EpisTwin, a groundbreaking neuro-symbolic architecture introduced in arXiv:2603.06290v1, redefines Personal AI by grounding generative reasoning in a verifiable, user-centric Personal Knowledge Graph. Unlike traditional RAG systems that rely on shallow vector similarity, EpisTwin transforms fragmented digital data—emails, photos, calendars, and apps—into structured semantic triples, solving the critical problem of data silos.

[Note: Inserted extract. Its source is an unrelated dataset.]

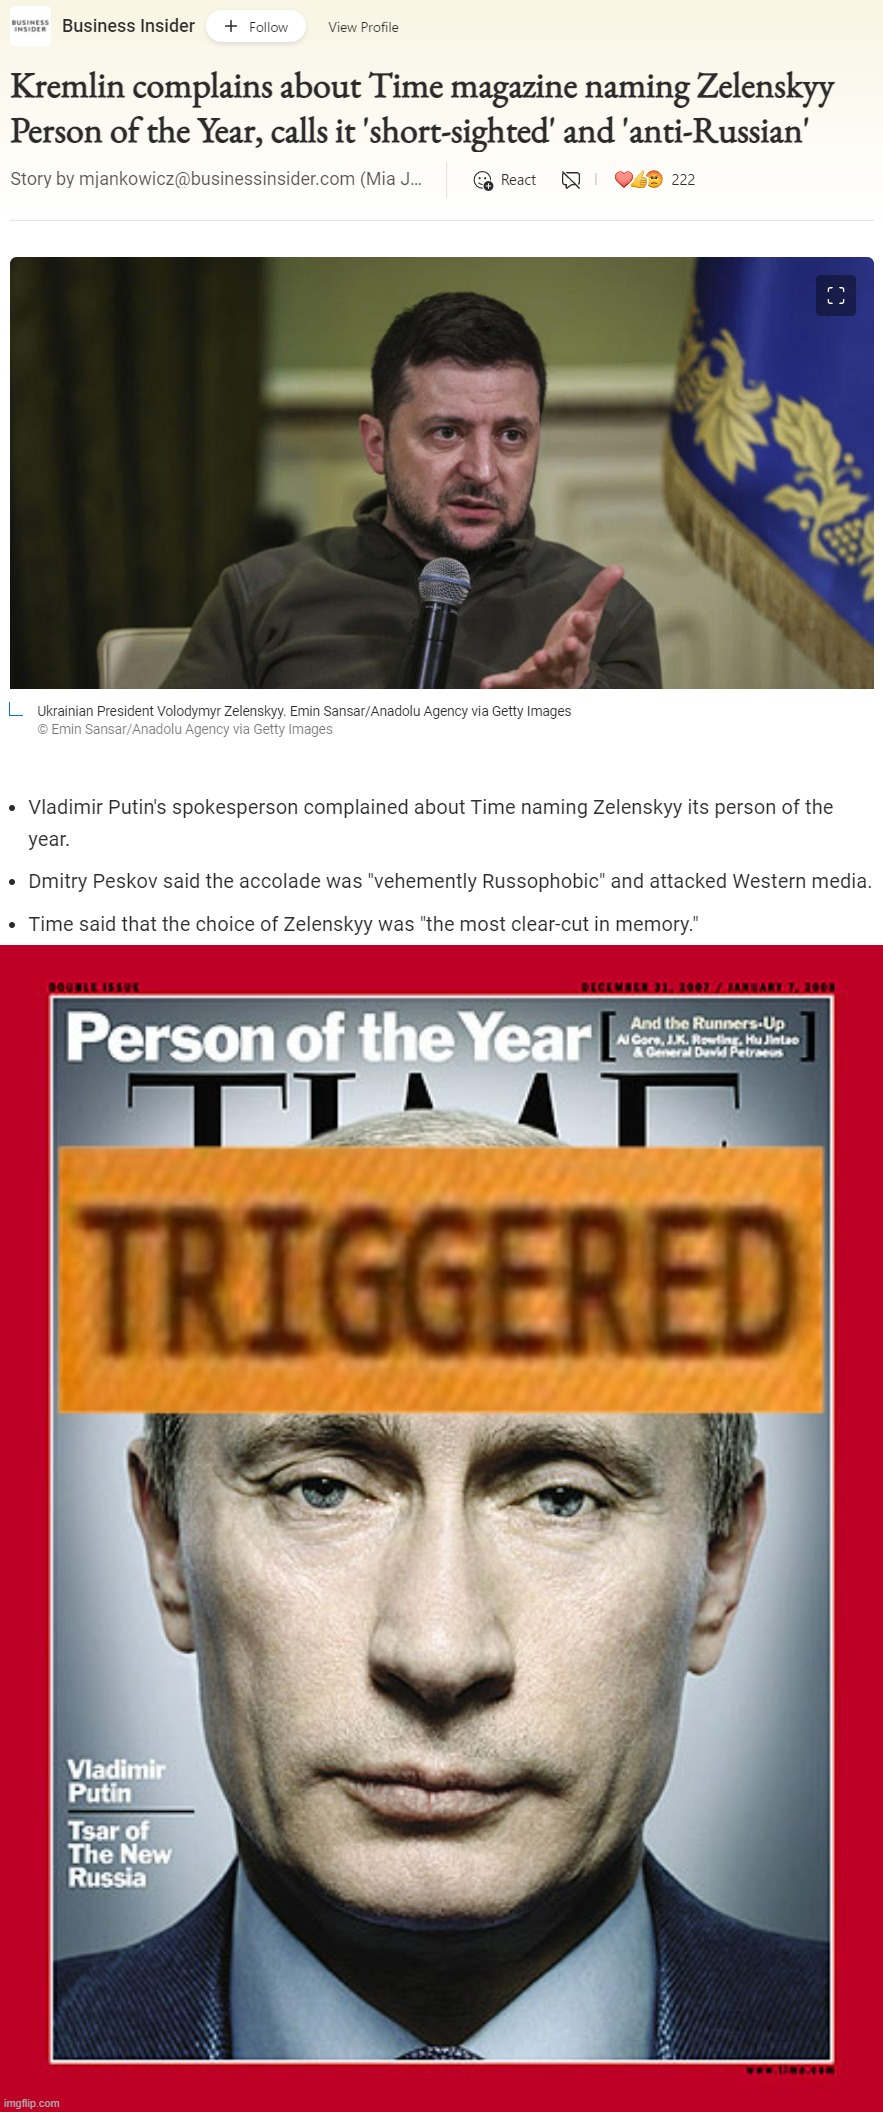 image tagged in kremlin complains about time magazine person of the year,vladimir putin time magazine person of the year | made w/ Imgflip meme maker

How EpisTwin Integrates Multimodal Data

EpisTwin uses multimodal language models to convert unstructured inputs into semantic triples, preserving temporal and contextual relationships. This enables the system to link a photo of your blue jacket with calendar events, location tags, and email mentions—creating a living, interconnected record of your life.

Dynamic Reasoning with Visual Refinement

At inference time, EpisTwin deploys an agentic coordinator that fuses Graph Retrieval-Augmented Generation with Online Deep Visual Refinement. When asked, "Where did I last see my blue jacket?" it doesn’t just retrieve text—it re-grounds the query in the original photo from your cloud gallery, cross-referenced with time and place data, ensuring reasoning stays anchored in raw evidence.

EpisTwin vs. RAG: A Performance Breakdown

Evaluations on PersonalQA-71-100, a benchmark simulating a decade of user data across 71 apps and 100 complex queries, show EpisTwin outperforms leading RAG models by up to 42% in factual consistency and temporal accuracy. Judge models confirm its superior ability to trace reasoning paths and avoid hallucinations.

Why Epistemic Transparency Matters in Personal AI

Academic research from ResearchGate and MDPI highlights the need for AI systems that preserve epistemic transparency. EpisTwin delivers this by making every inference traceable, auditable, and context-rich—critical for ethical, trustworthy Personal AI.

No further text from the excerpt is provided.